Of the eight forms of Batten disease, INCL is most severe. It has the earliest age of onset, 6–18 months, and the most rapid rate of neurodegeneration, with premature death occurring between years 8 and 13 (see Hofmann et al., 2001 for overview of INCL). INCL is caused by mutations in the palmitoyl-protein thioesterase 1 gene (PPT1) (Vesa et al., 1995). PPT1 encodes a soluble lysosomal enzyme that hydrolyzes the thioester bond that attaches long-chain fatty acids, mostly palmitate, to the cysteine residue of S-acylated proteins (Camp and Hofmann, 1993, Camp et al., 1994). PPT1 is expressed throughout the body and likely provides a general housekeeping function, although the normal in vivo lipoprotein substrates of PPT1 are not known (Salonen et al., 1998, Schriner et al., 1996, Suopanki et al., 1999). Recent studies also suggest possible roles for PPT1 outside the lysosome, including roles in synaptosome function and in the signaling pathways that regulate apoptosis (Ahtiainen et al., 2003, Cho and Dawson, 2000, Cho et al., 2000, Lehtovirta et al., 2001). Disease severity is inversely correlated with PPT1 enzyme activity such that null mutations are invariably associated with severe infantile NCL, while some hypomorphic alleles are associated with late infantile and juvenile onset phenotypes (summarized in Hofmann et al., 2001). It is now estimated that PPT1 mutations account for 20–25% of all NCLs in the United States (Hofmann et al., 2001). Identification of PPT1 as the CLN1 gene was a significant advance and has stimulated a rapid expansion in our knowledge of INCL, including the recent development of a murine model for the disease (Gupta et al., 2001). Despite these advances, our understanding of the etiology of Batten disease at a molecular level is still limited, both in terms of our general understanding of lysosome biology as it relates to accumulation of lipopigment inclusions, and more specifically, the relationship between loss of PPT1 enzyme activity and neuron cell death.

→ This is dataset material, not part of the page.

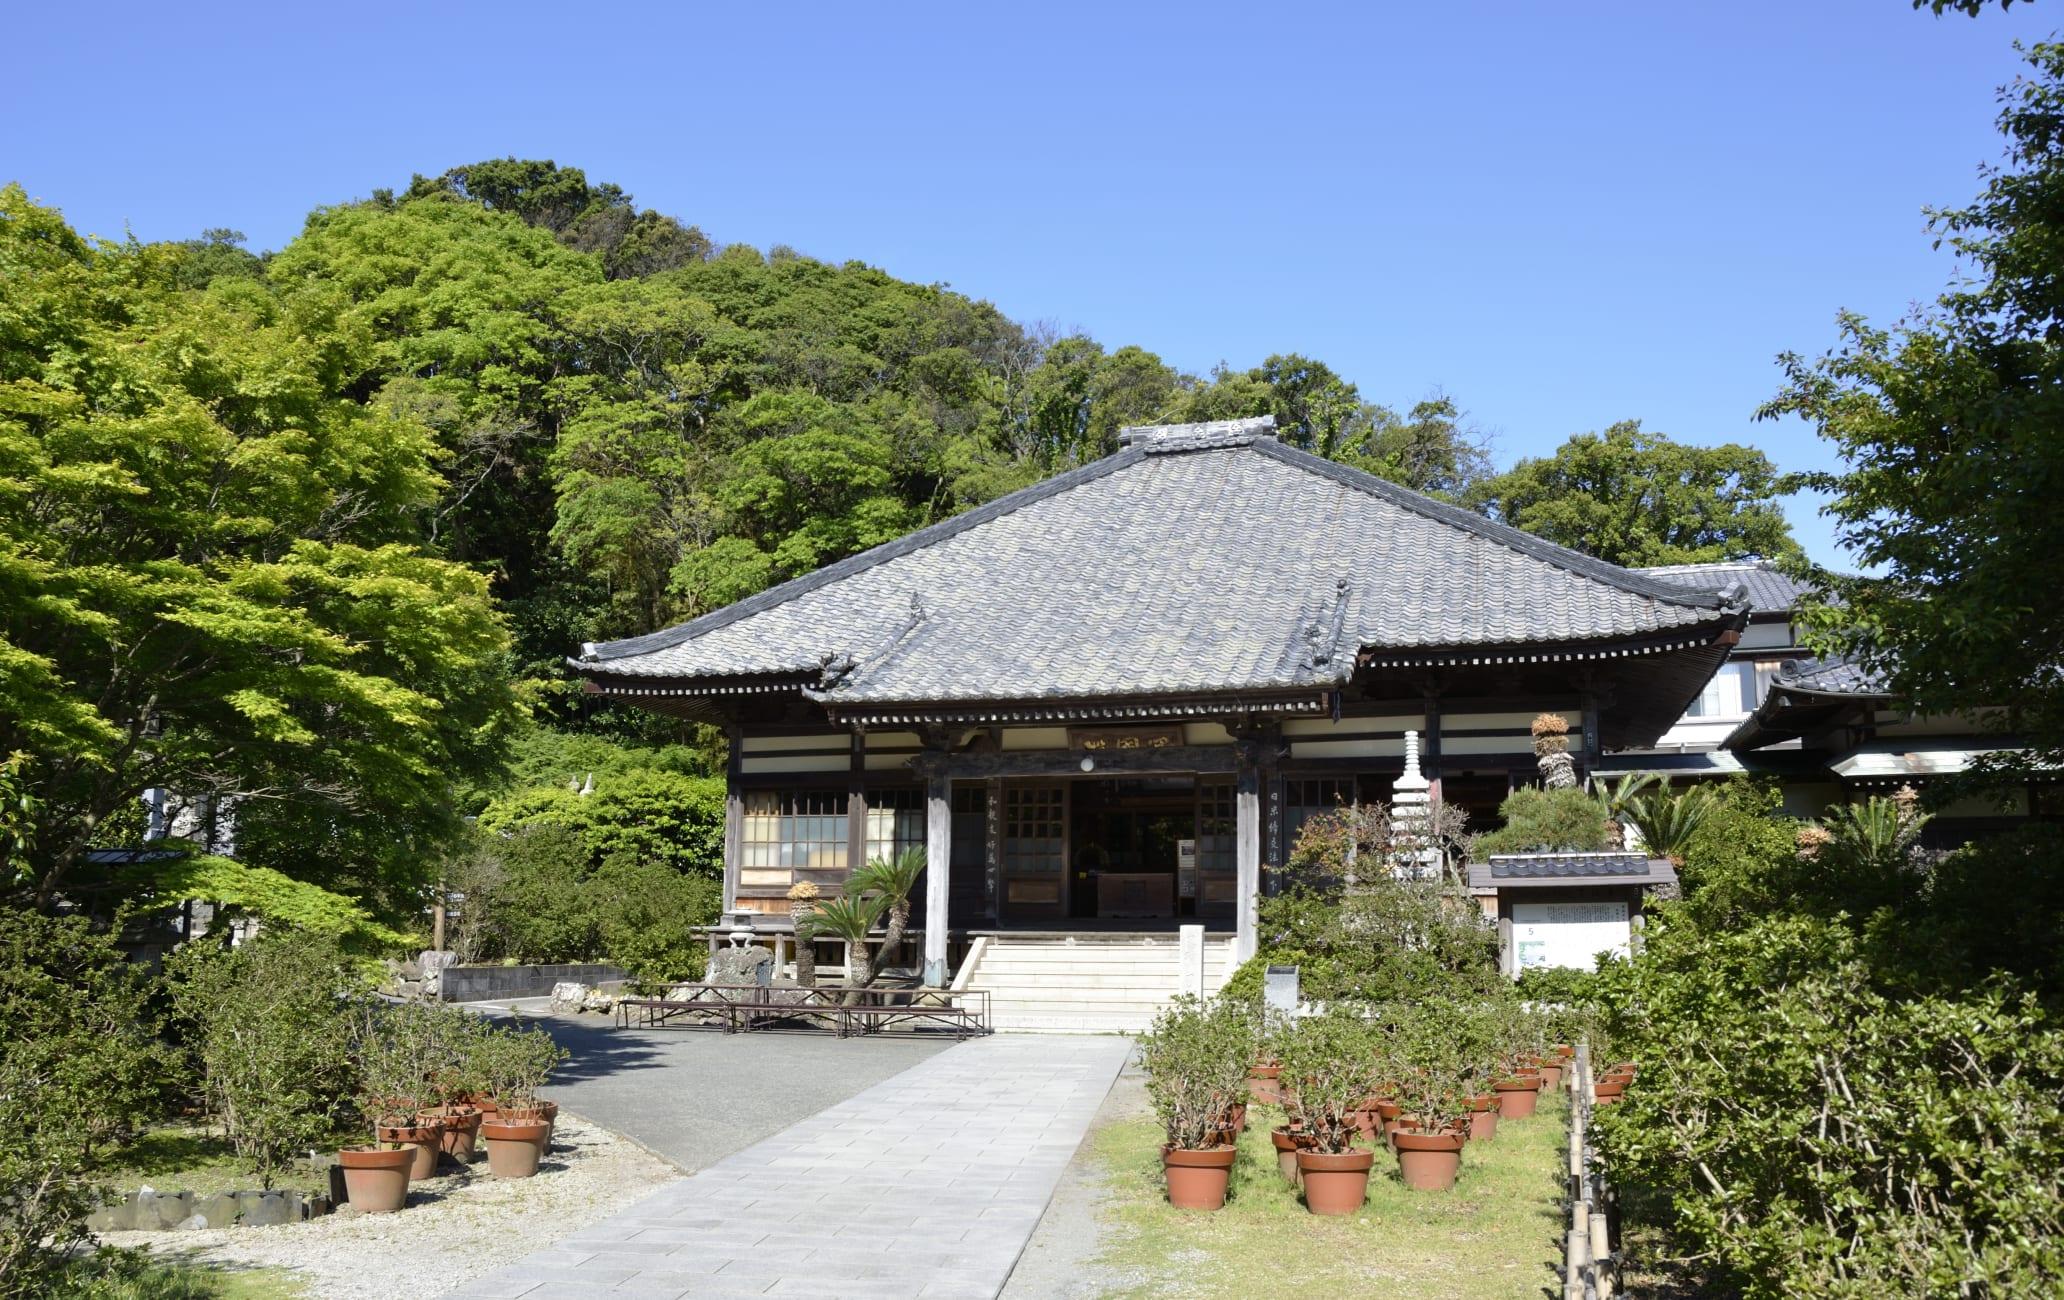 Ryosen-ji Temple

Over the last hundred years, studies of the fruitfly, Drosophila melanogaster, have contributed significantly to our understanding of many basic biological processes. In recent years, sequencing of the Drosophila genome, combined with reverse genetic studies, has demonstrated the utility of using Drosophila to study human genetic diseases, including neurological diseases of the brain. Of 287 known human disease genes, 62% have direct homologues in Drosophila; of these, 38 of 59 neurological disease genes are represented (Adams et al., 2000, Fortini et al., 2000, Rubin et al., 2000). Although flies and humans are phylogenetically divergent, basic cellular and molecular features of numerous disease manifestations are conserved. Drosophila has proven its value in helping to unravel mechanisms underlying a number of complex human neurological diseases including Huntington's, Parkinson's, Machado-Joseph Disease, and Spinocerebellar Ataxia type 1 (Feany and Bender, 2000, Fernandez-Funez et al., 2000, Jackson et al., 1998, Warrick et al., 1998). We report here the characterization of a PPT1 homolog and palmitoyl-protein thioesterase 1 enzyme activity in Drosophila as an initial step in evaluating Drosophila as a potential model for studying the etiology of INCL.